The scores from individual samples of either the estimated microbial concentration or repeatability measures can be summed across the positive samples in the panel. The use of Monte Carlo simulation using the well-known properties of the normal distribution can be used to classify laboratories as highly satisfactory to highly unsatisfactory. This feedback is more informative and statistically rigorous than currently available.

Drawbacks of the proposed approach

The proposed score provides a flexible, statistically rigorous metric to assess laboratory performance for examining system nucleic acid-based diagnostic users. There are some drawbacks when considering quantitative measurement results.
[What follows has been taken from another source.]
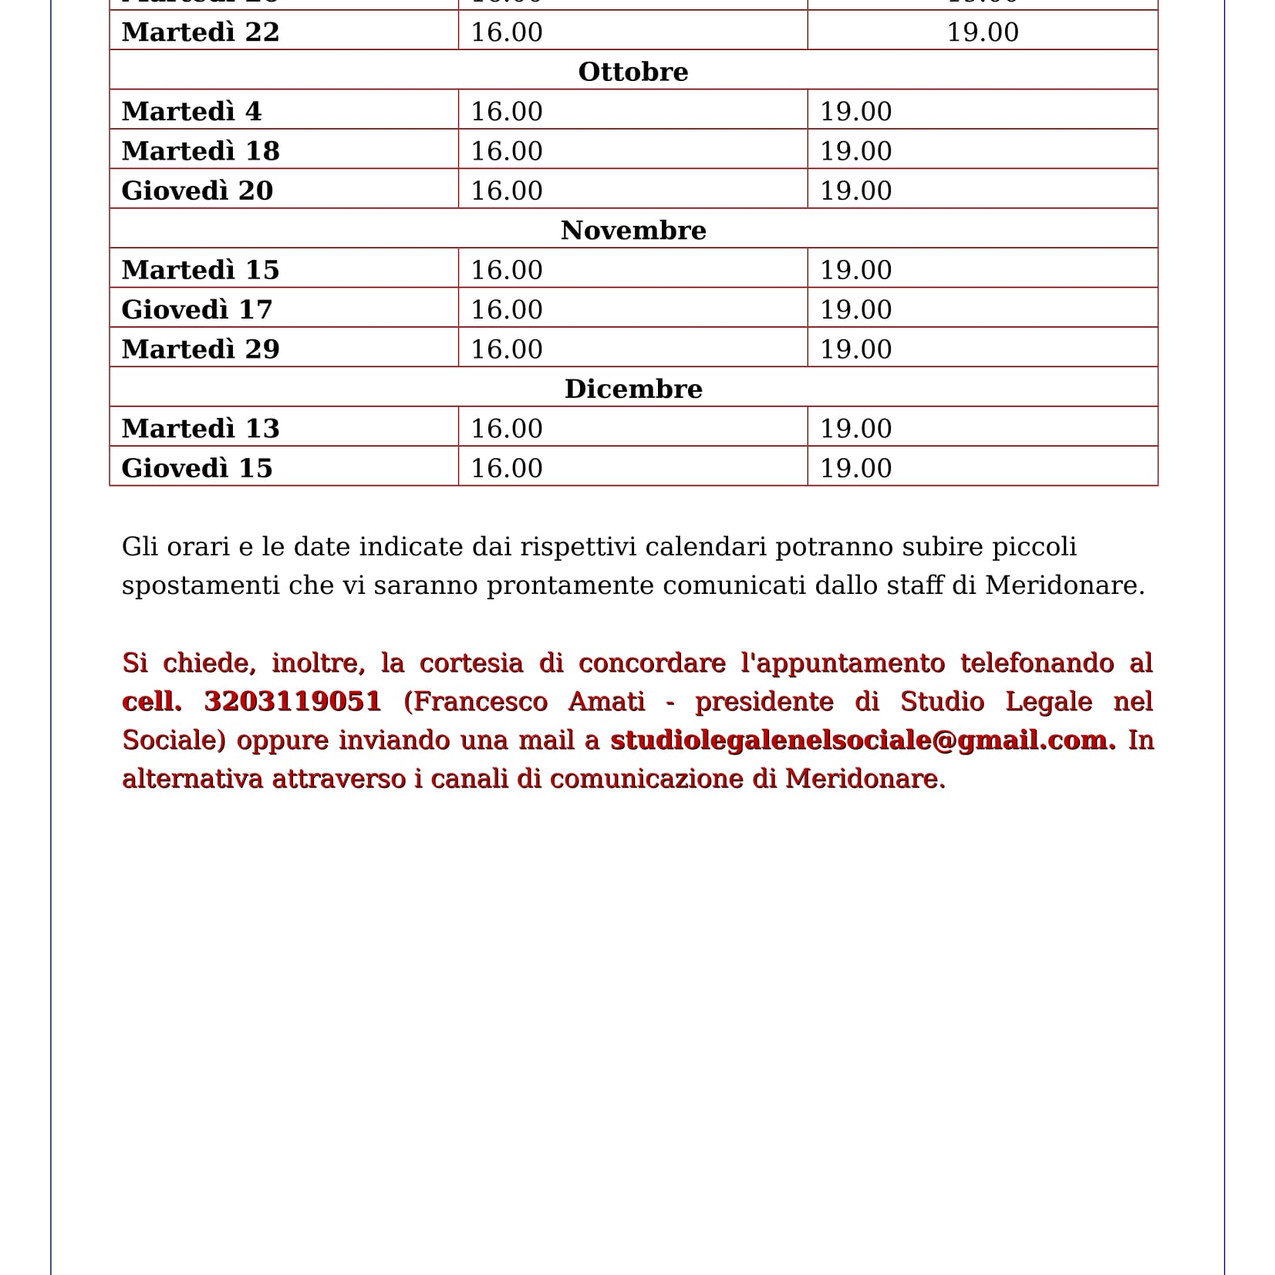 CALENDARIO SPORTELLO LEGALE MERIDONARE 2016-2

First, the score requires participants to provide their estimate of the microbial concentration. Sometimes, participants report values as outside the detectable limits of the measurement system they used. These have been ignored for the purposes of this paper. Possible approaches to this problem include using censored value techniques or to replace the value by either the limit of detection or half this value.

Second, the score is only appropriate for positive samples. The score assumes normality, which is almost certainly not valid for reported false positives from negative samples. The low frequency of these makes testing for normality suspect.

Conclusions

The application of these performance indicators to the 2005 QCMD Hepatitis B Virus Proficiency programme highlights the flexible use and desirable properties of the proposed scoring system for assessing various aspects of laboratory performance.

The proposed scoring system for assessing laboratory performance cannot only be applied to the field of microbiology but it can be applied to other EQA programmes from the field of laboratory medicine to chemistry where the normality assumption of the data is verified.

The Monte Carlo approach for panel scores can be used in any EQA programme where numeric performance scores are given to individual samples.